» TASK TO COMPLETE: Pictures should be left out while the data beneath this task is written out word for word.

» PROVIDED DATA:
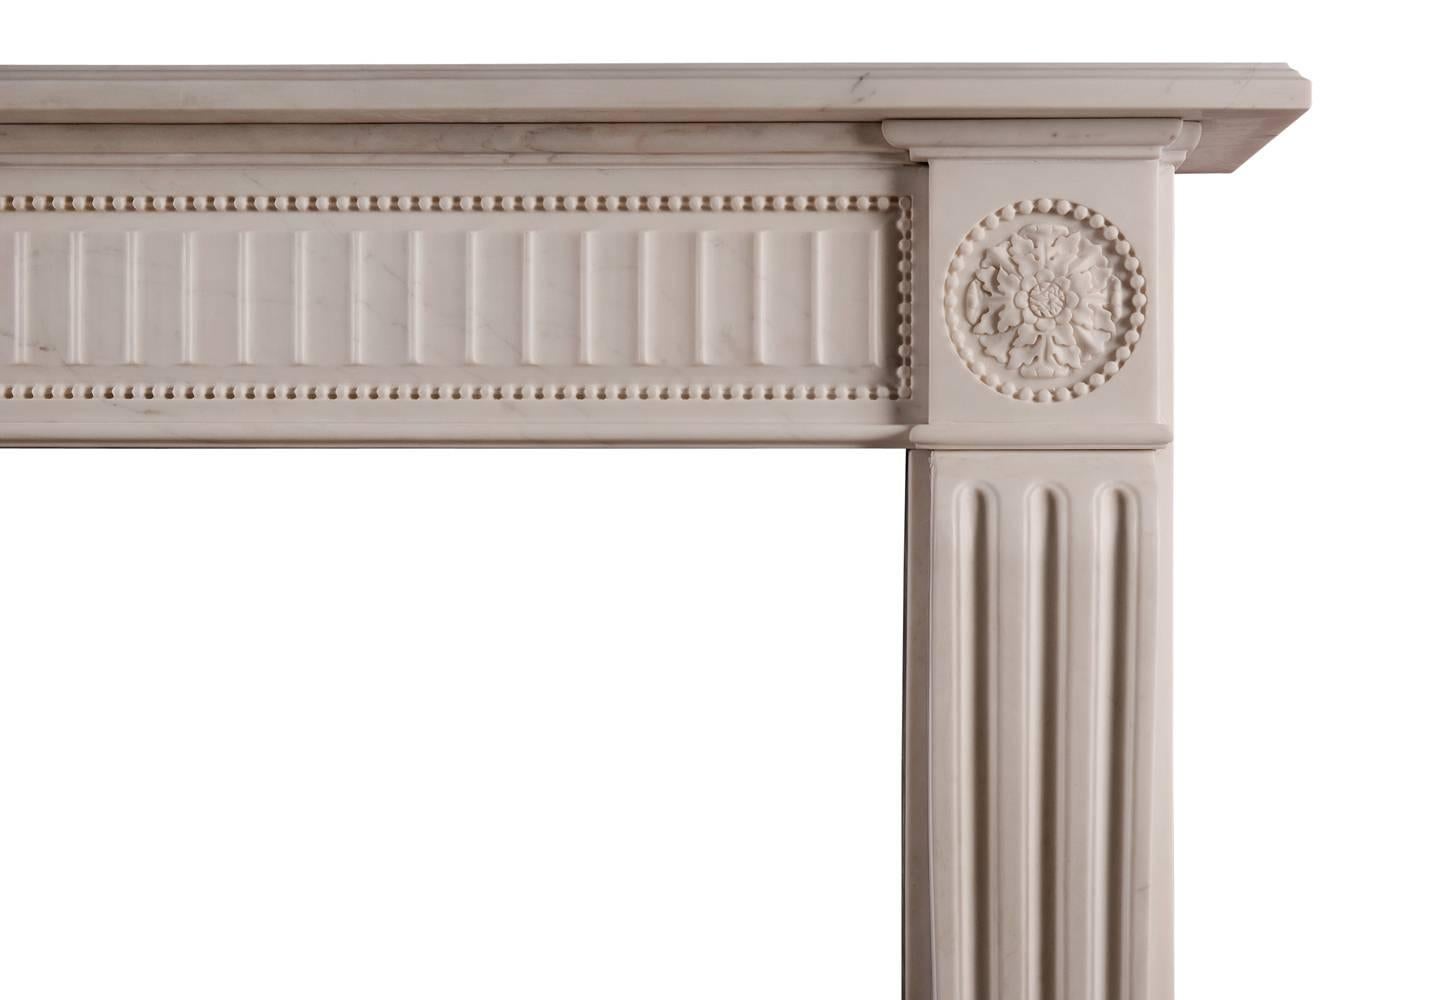 An English white marble fireplace in the Regency style. The fluted panelled frieze bordered by beads, shaped fluted jambs surmounted by carved round paterae and beading. A quality copy of an original piece.

Measures:
Shelf width -             1605
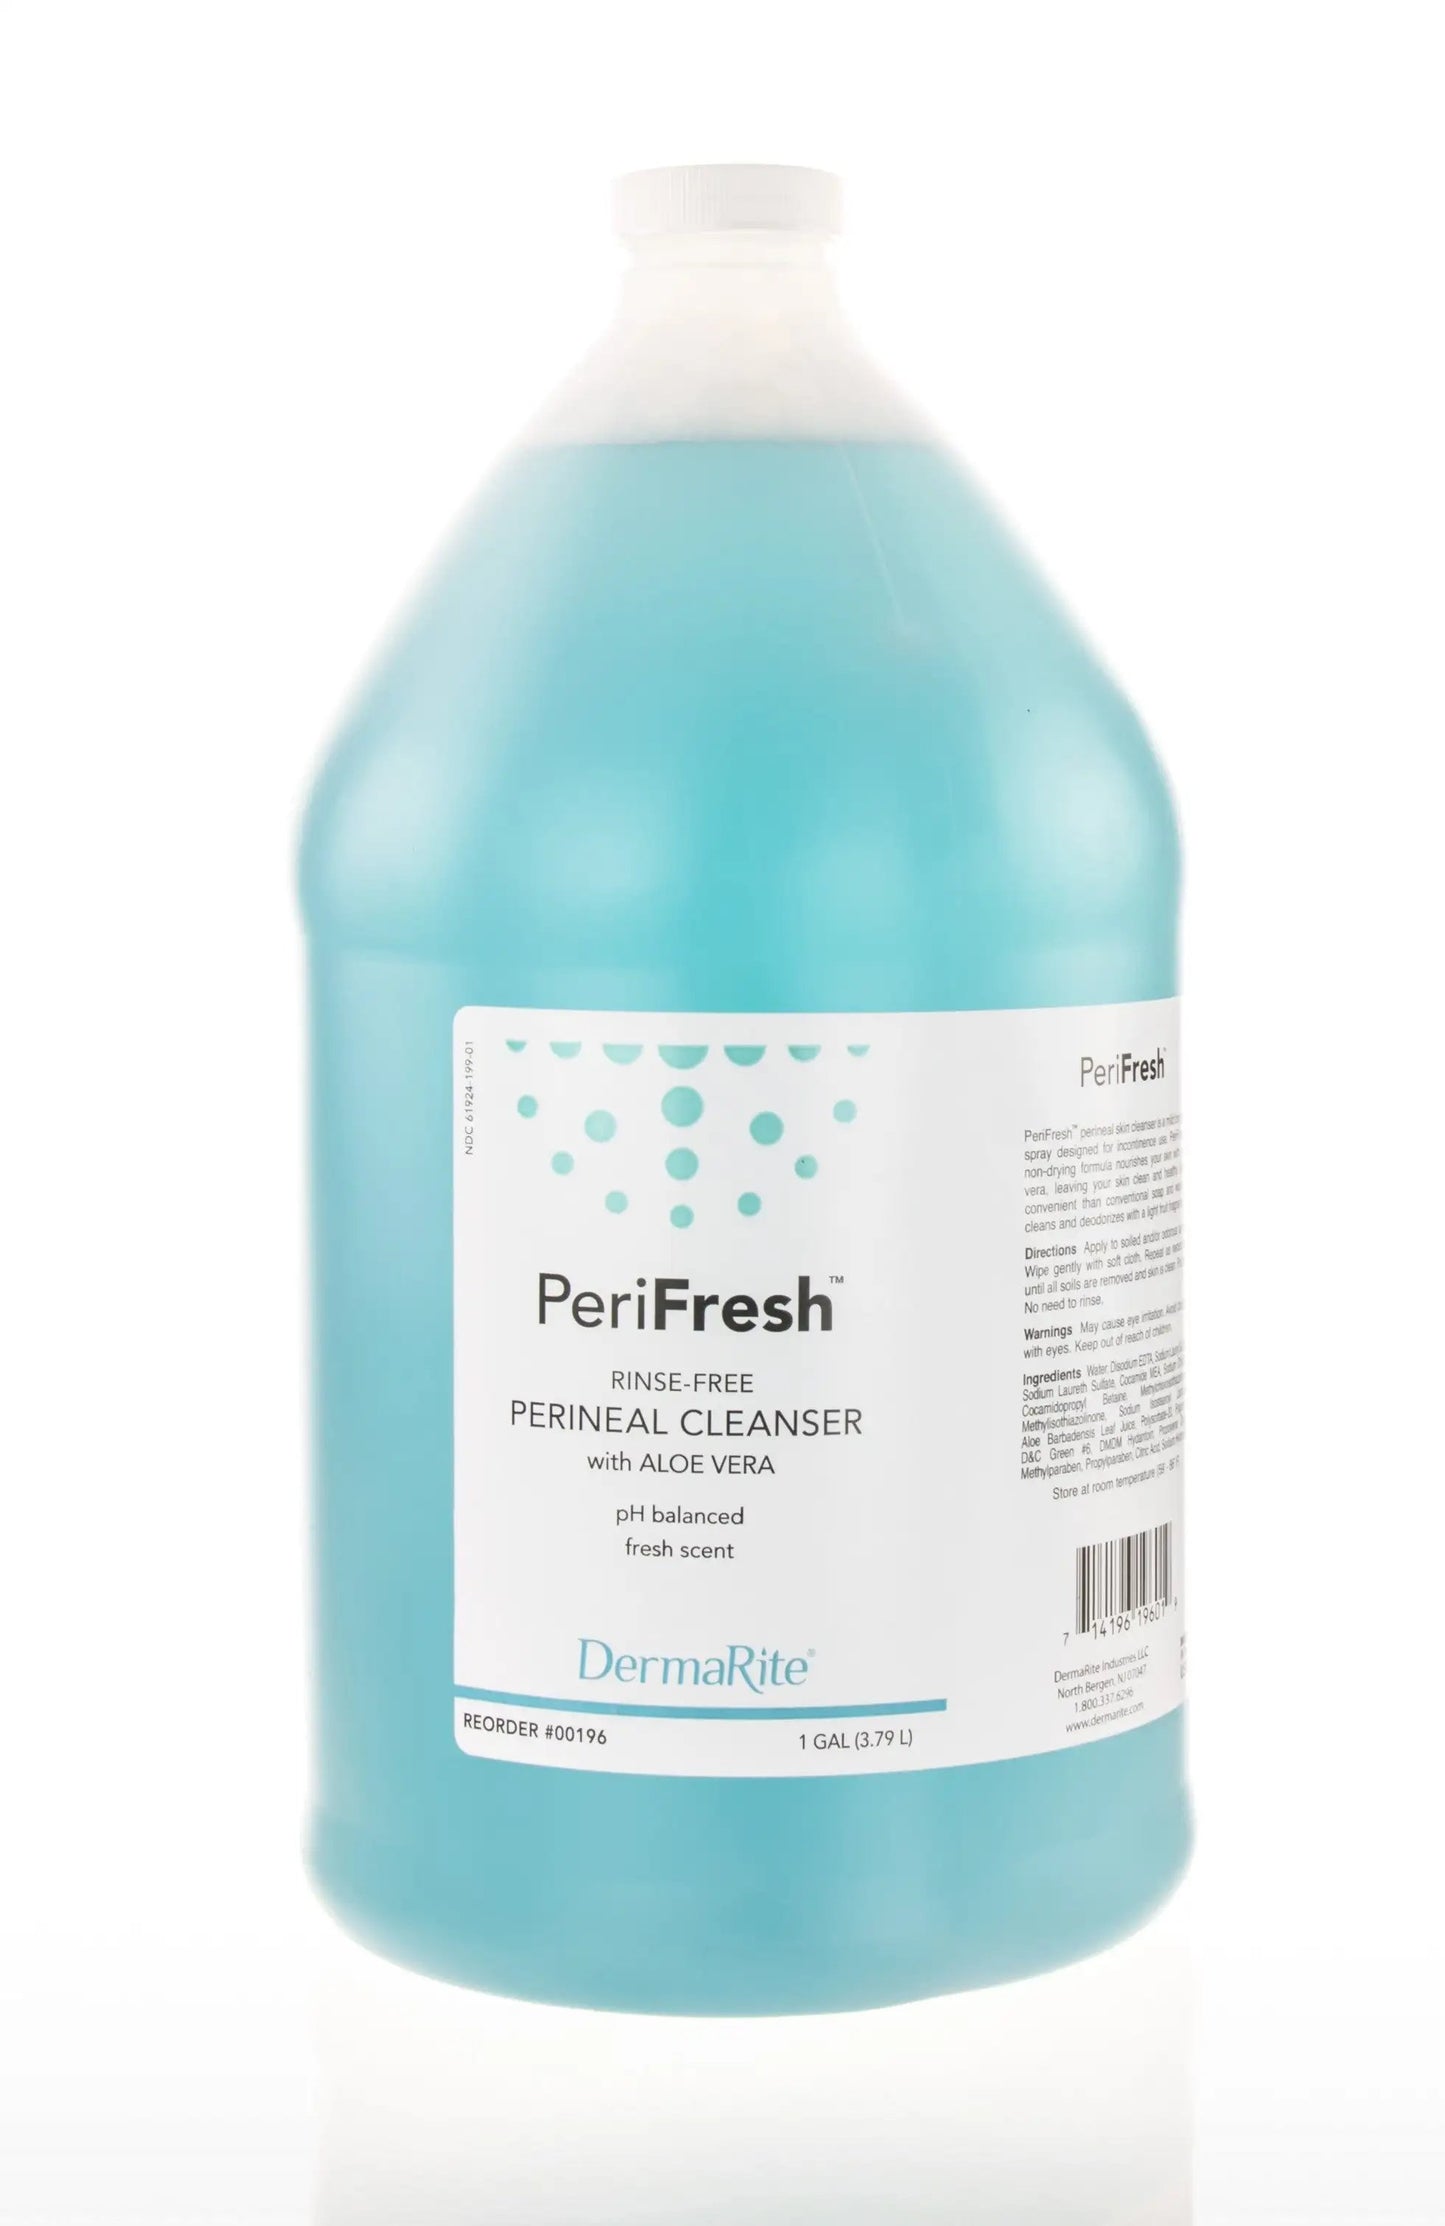 PeriFresh Rinse Free Perineal Cleanser, 1 Gallon - 00196

» COMPLETED TASK:
 An English white marble fireplace in the Regency style. The fluted panelled frieze bordered by beads, shaped fluted jambs surmounted by carved round paterae and beading. A quality copy of an original piece.

Measures:
Shelf width -             1605
 PeriFresh Rinse Free Perineal Cleanser, 1 Gallon - 00196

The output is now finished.